RBI’s decision to alter its gold reserves has a bearing on gold rate evaluations. If the RBI increases gold purchases, the supply of the commodity in the market declines, leading to an upward price push. However, when the RBI sells its gold reserves, the supply of gold in the market rises, lowering its price.

Budgetary Changes

Since India is the world’s second largest consumer of gold and largely meets its demand through imports, import duties and policies impact prevalent gold rates. Thus, gold rates mirror import duty changes. When the government hikes import duties, gold rates automatically rise, while when duties are lowered, gold rates decline.

Bullish and Bearish Stock Trends

Historically, gold rates have displayed a negative correlation with the equity market.
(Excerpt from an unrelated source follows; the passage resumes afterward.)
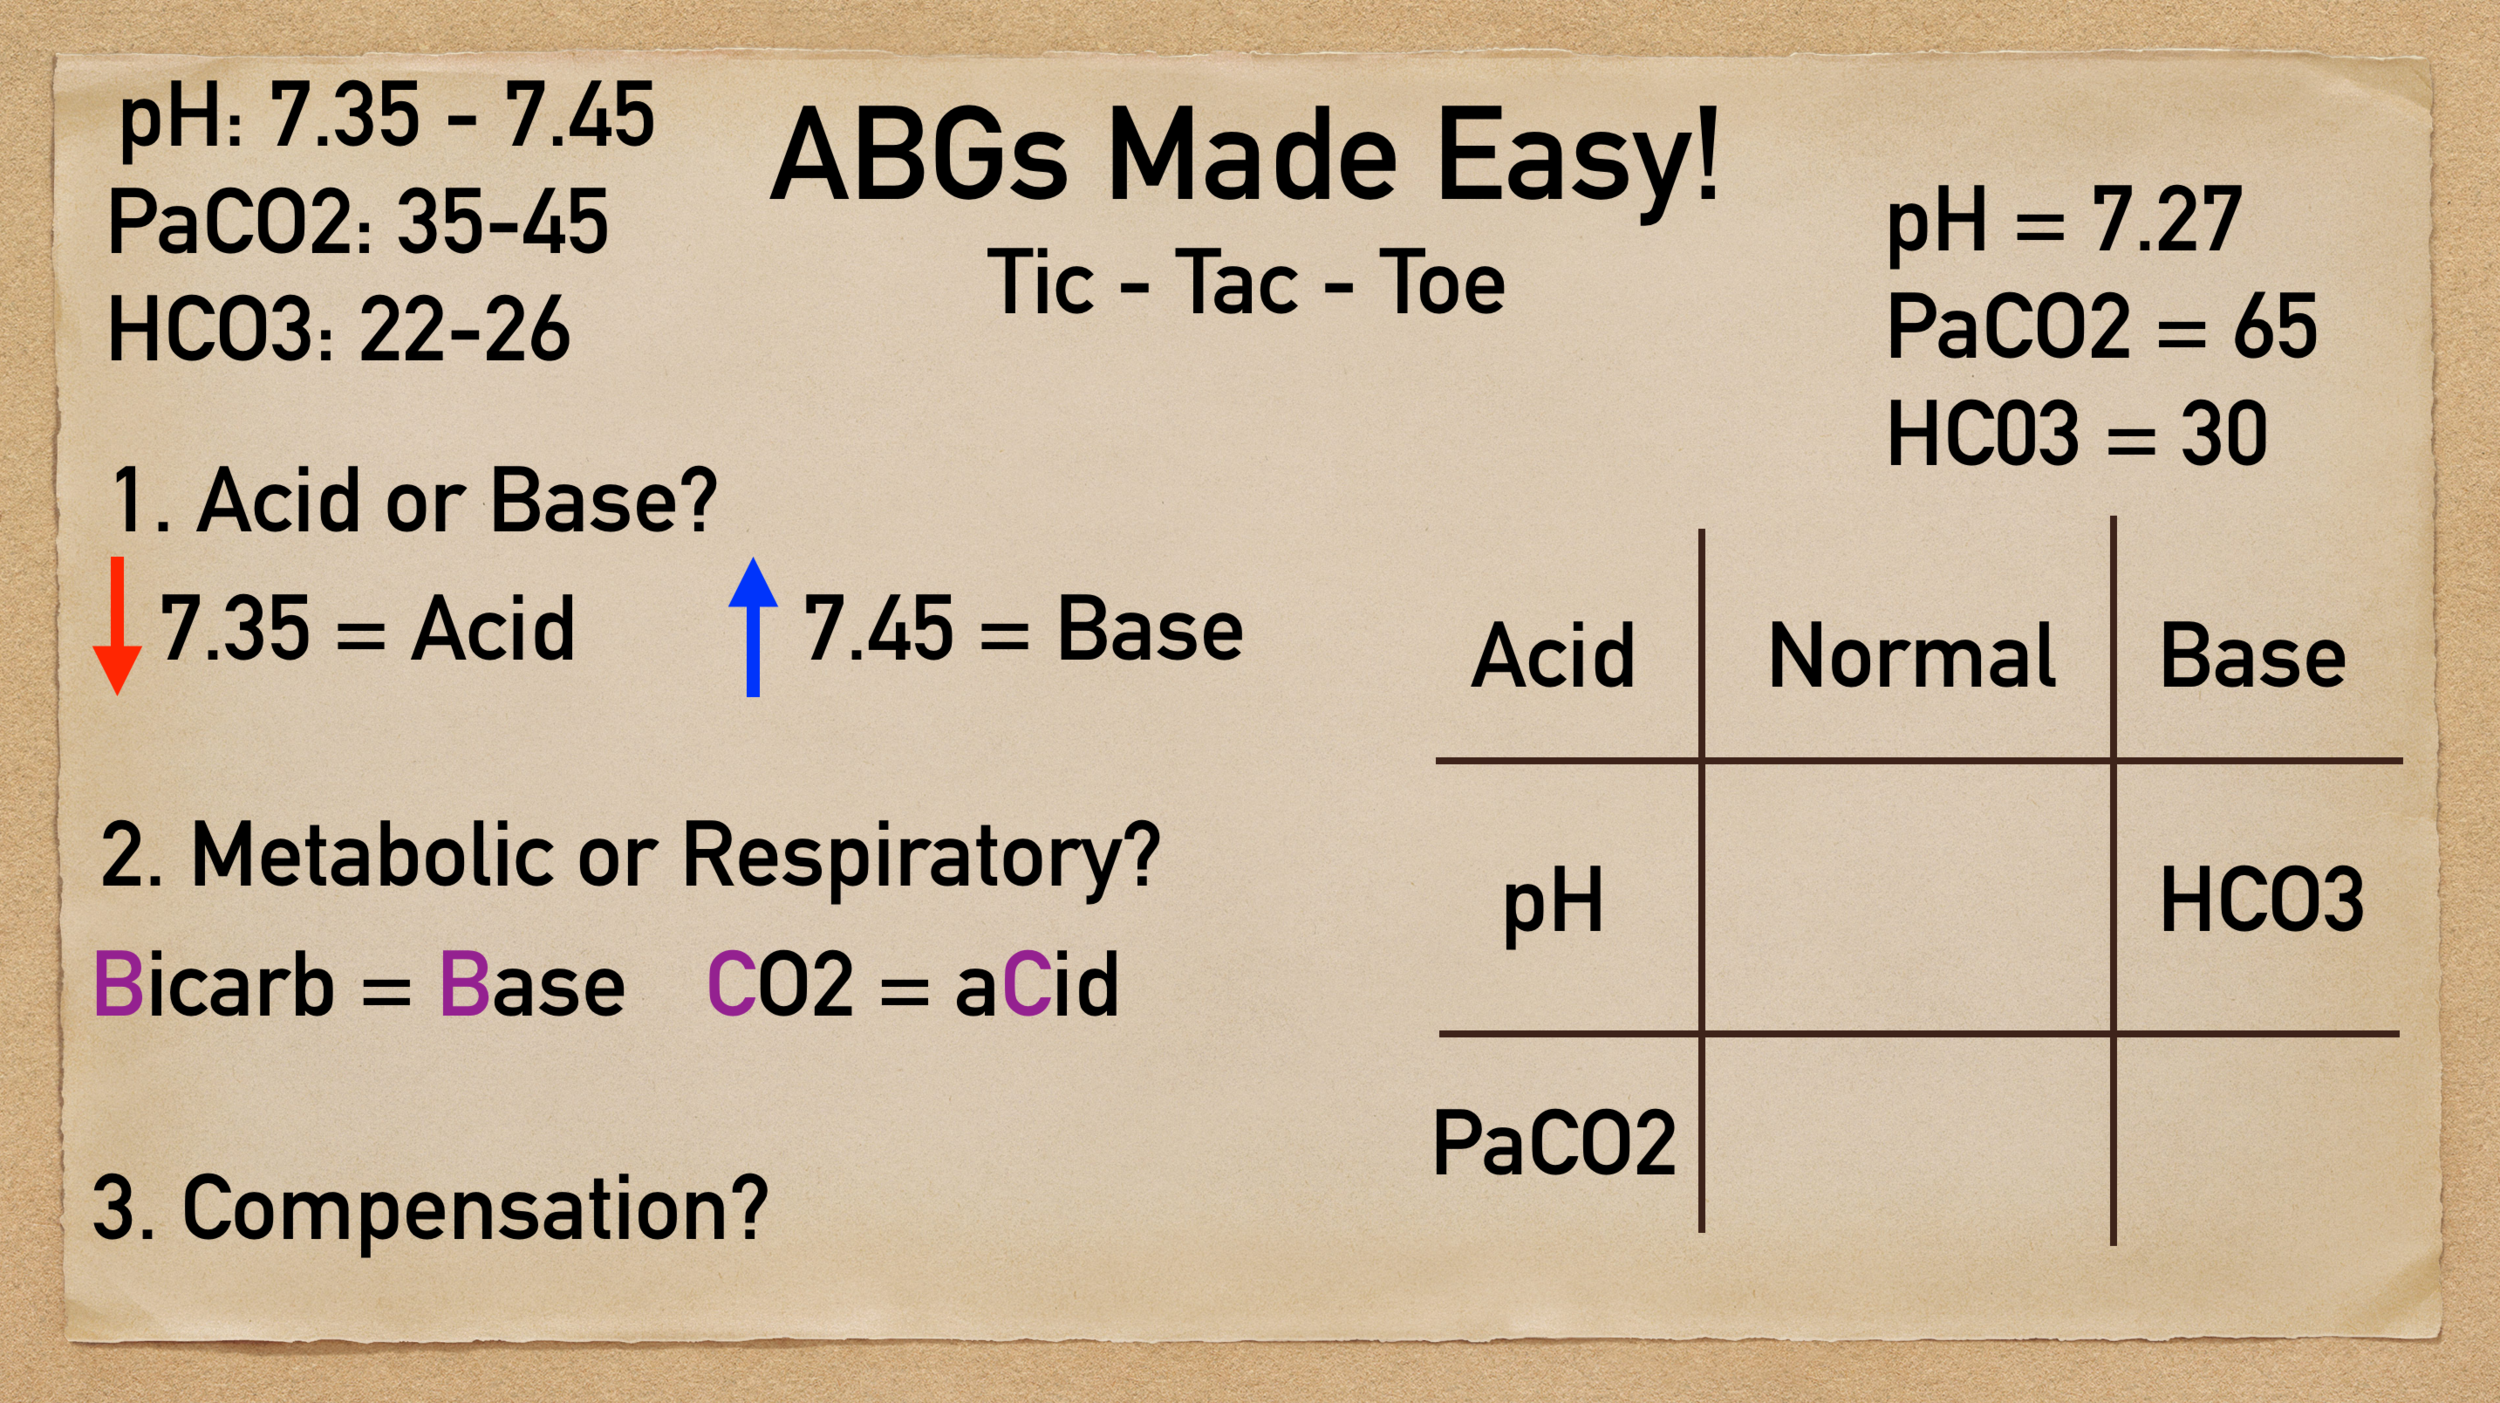 tic tac toe blood gases

Thus, when the stock performs well, investors seek to exploit these opportunities, lowering both the demand for and prices of gold. However, if market volatility is evident, investors may gravitate towards the value-storing gold assets, raising their prices.

Why Should You Invest In Gold?

With the current market trends pointing to a possible economic slowdown, investing in gold is a safe bet. Gold’s ability to hold value makes it a reliable asset to fight inflationary pulls. If inflation rates rise in the coming months of 2023, assets like stocks and bonds might underperform. The recent budget announcement about capital gains tax waiver on the conversion of gold to e-gold and vice versa also makes digital gold a promising avenue.

Thus, as an Indian investor, a 10%-15% exposure to gold may be a prudent choice to both diversify your holdings and hedge any possible equity losses. Moreover, you can adjust your investment route depending on your risk appetite and time horizon. For instance, investors with short-term goals can opt for gold ETFs, while those with long-term ones can side with gold sovereign bonds.

The Bottom Line

While predicting gold prices based on market trends can be tricky, you can always use these trends as signals to make better investment decisions. It is important to remember that correlations between various trends and gold rates exist, however, there have been instances where these correlations have been challenged. Nonetheless, to be an informed investor, you should carefully assess the prevalent market trends.